While the JAAC was at the time precluded from collecting information about applicants’ racial or ethnic background, it was able to determine that 12 per cent of the applications had been submitted by women. When JAAC was established, only four per cent of provincial judges were women. Before too long, that percentage increased dramatically.
Mr Speaker, I am pleased to be able to tell you today that we have appointed 18 new provincial court judges, and in the upcoming weeks I expect to appoint the remaining nine. The 27 appointments will help us to achieve a more representative provincial bench. Of the 18 appointments to date, 11 of these judges are women, including Canada’s first woman native Canadian judge.
Attorney General Howard Hampton, in a statement to the Ontario Legislature in March 1991, in the context of responding to court delays.
JAAC developed selection criteria that stressed the importance of a diverse and representative judiciary. JAAC took the view that a representative judiciary was essential for two reasons: first, because the perspectives of various racial and ethnic groups, and of women as well as men, ought to influence how justice was administered and judicial discretion exercised; and second, because the judiciary appears more credible and inspires greater confidence when significant sections of the community do not appear to be excluded from its membership. JAAC was clear, however, that while it was seeking outstanding candidates from under-represented groups, a candidate from an under-represented group would not be recommended ahead of a candidate who was clearly better qualified although not from such a group.
The selection criteria also focused on professional excellence, community awareness, and personal characteristics. Professional excellence was the most obvious criterion, and the easiest to describe. Community awareness, on the other hand, proved more challenging to capture.
The Best and Worst of the Provincial Court
The JAAC was not alone in voicing concerns about judicial temperament and conduct on the bench.
In a survey conducted by Canadian Lawyer magazine in 1991, lawyers spoke about “uncontrollable ranting, bullying and arrogance” on the part of some members of the provincial bench.
Five judges identified as “the worst” of the Ontario provincial court were variously described as “petty, abusive, arrogant,” “arbitrary and capricious,” “a sexist, nasty, eccentric bully,” “cruel and inflexible with poor accused and young offenders,” and a “professional embarrassment.”
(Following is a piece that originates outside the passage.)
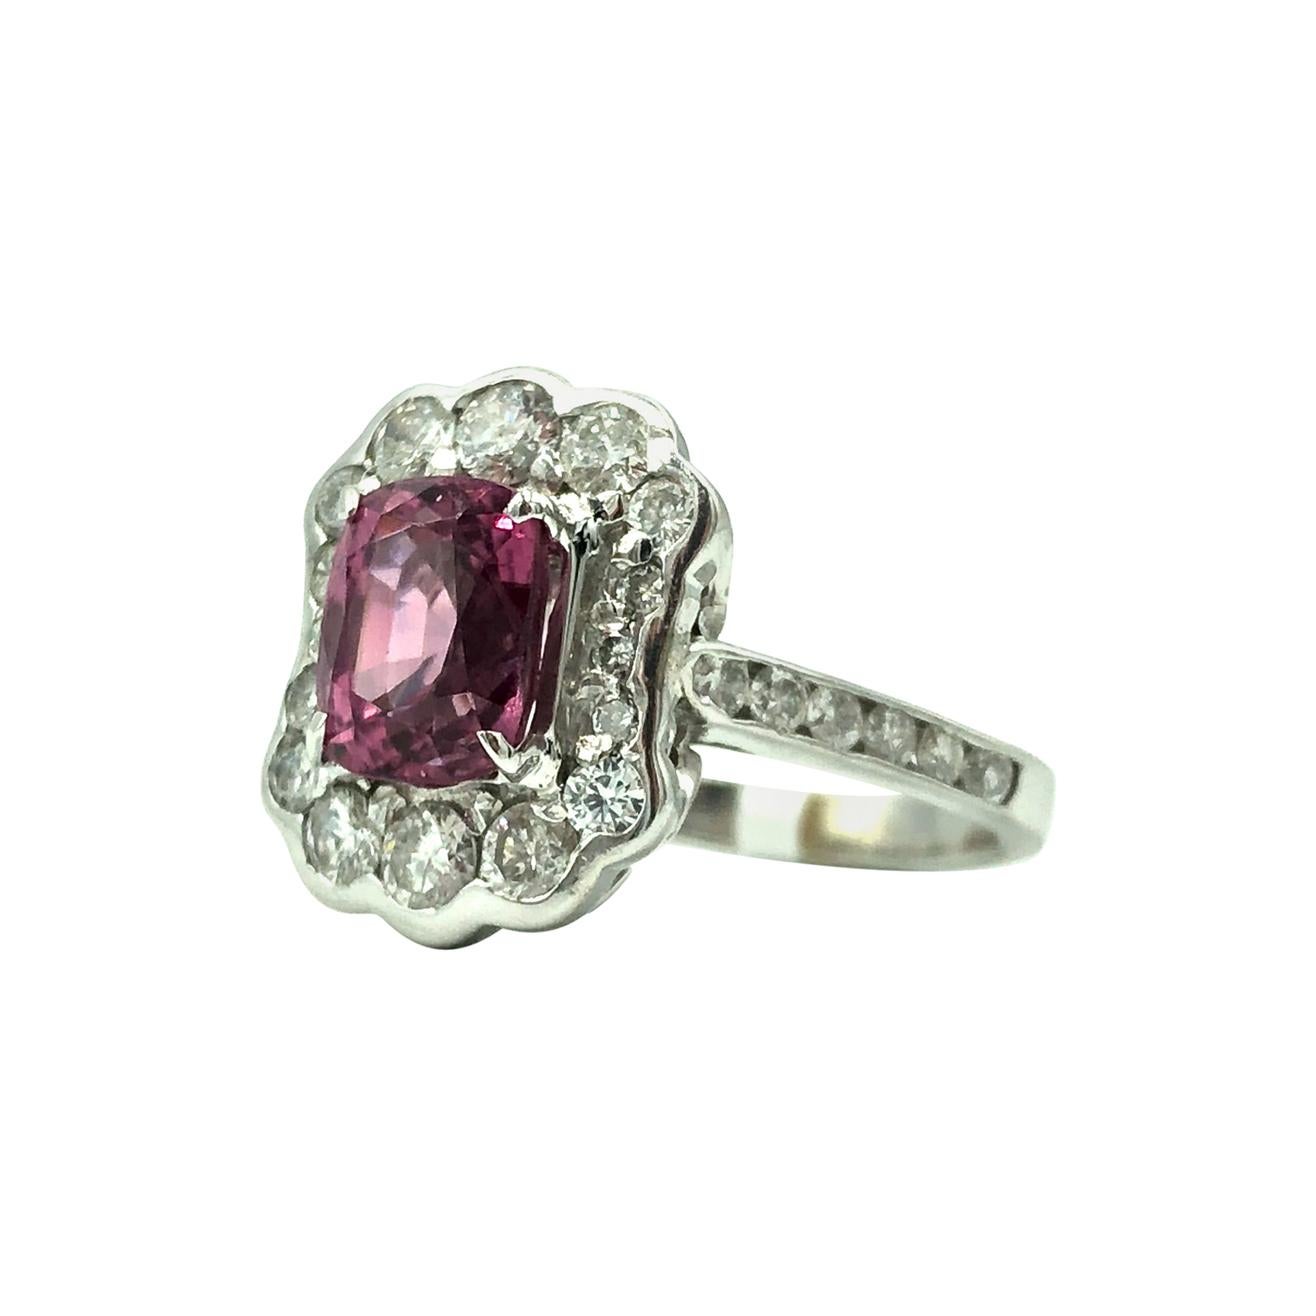 Rare Pink Spinel Ring with Diamonds 18 Karat Gold
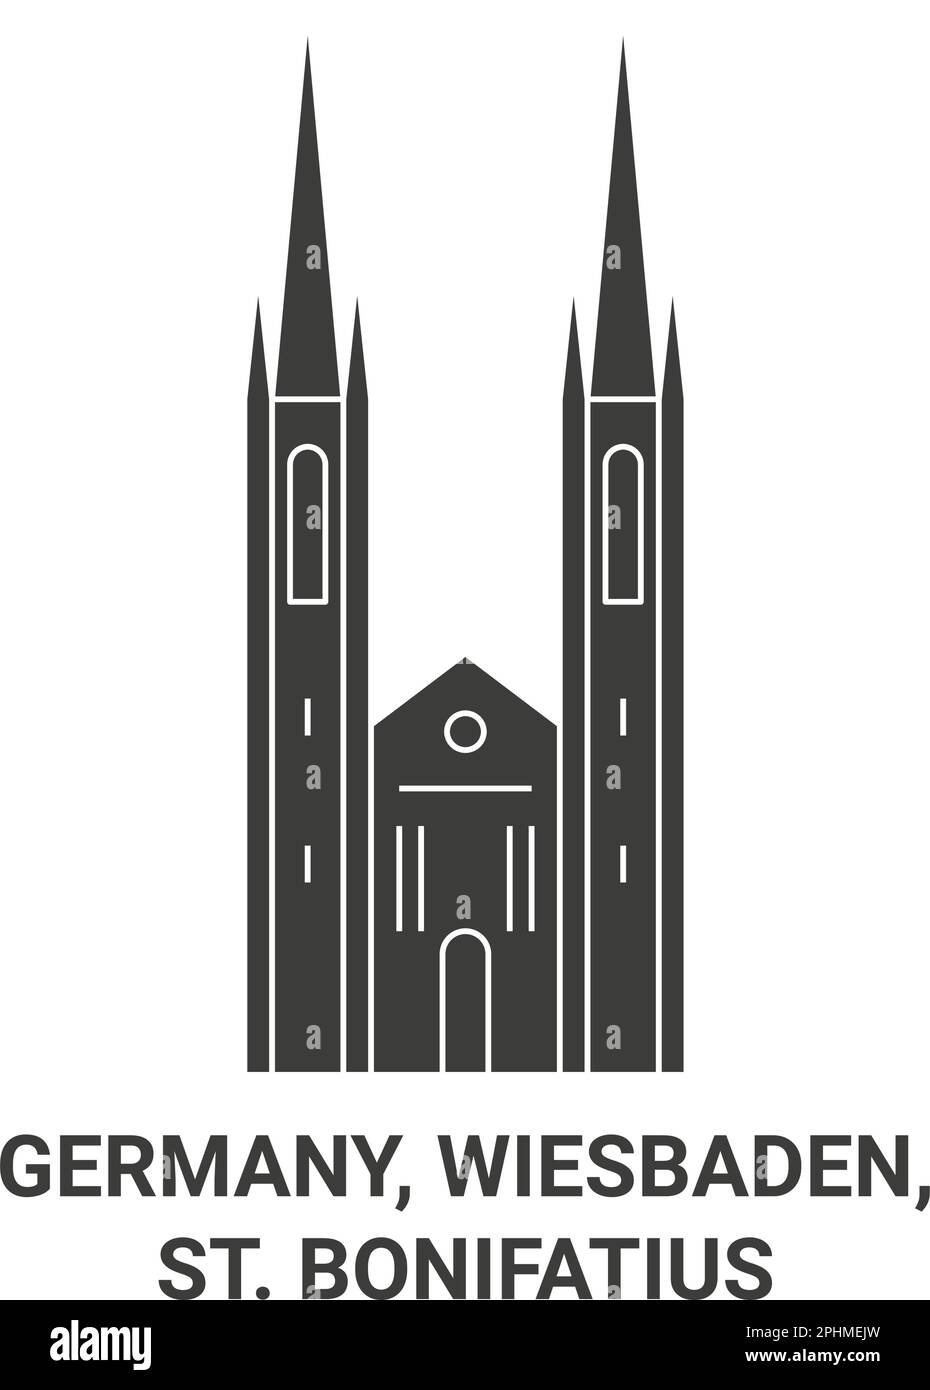 Germany, Wiesbaden, St. Bonifatius travel landmark vector illustration Stock Vector

Those judges were criticized for treating litigants abusively, asking visible minorities if they spoke English, yelling at witnesses, delivering diatribes from the bench, and lacking compassion.
At the same time, the anonymous survey feedback about “the best” of the Ontario provincial court identified the personal characteristics that made judges trusted and effective: attentiveness, compassion, courage, courtesy, common sense, humour, and commitment to finding the right result.
The names of those singled out for praise were: William Sharpe, Brian Lennox, Mary Hogan, P.E.D. Baker, Sam Darragh, Brent Knazan, V.A.R. Lampkin, Donald MacMillan, H.D. Porter, H.A. Rice, John Smith, and Gérald Michel.
Source: Canadian Lawyer, March 1991, pp. 19-20.
Russell recalls that the committee was anxious to avoid defining community awareness as adherence to a particular viewpoint. “We wanted people not to be wedded to a particular position. We wanted people involved in the issues, both the pros and the cons.”
The community awareness criterion stressed a commitment to public service, interest in knowing more about the social problems that give rise to cases coming before the courts, and sensitivity to changes in social values relating to criminal and family matters.
We watched some “not so good” judges performing, and oh my, that was an eye opener. What really struck us was the pomposity and rudeness and how off-putting that was. Someone would walk into the courtroom, the judge would look up, and the person would be shabbily dressed. The judge would say, “Who are you? You have no business here” and the person would slink out.The “personal characteristics” requirement grew out of conversations with judges and JAAC’s own courtroom observations, as described by Russell.
The personal characteristics sought by JAAC included an “absence of pomposity and authoritarian tendencies,” “[r]espect for the essential dignity of all persons regardless of their circumstances,” “[p]oliteness and consideration for others,” “[m]oral courage,” and “[p]atience and an ability to listen.” According to Russell, this was an area where the laypersons on the committee played “a pivotal role”: “They may not have legal training, but they are ‘very, very sensitive’ to the way the candidates carry themselves and help determine who is or isn’t personable.”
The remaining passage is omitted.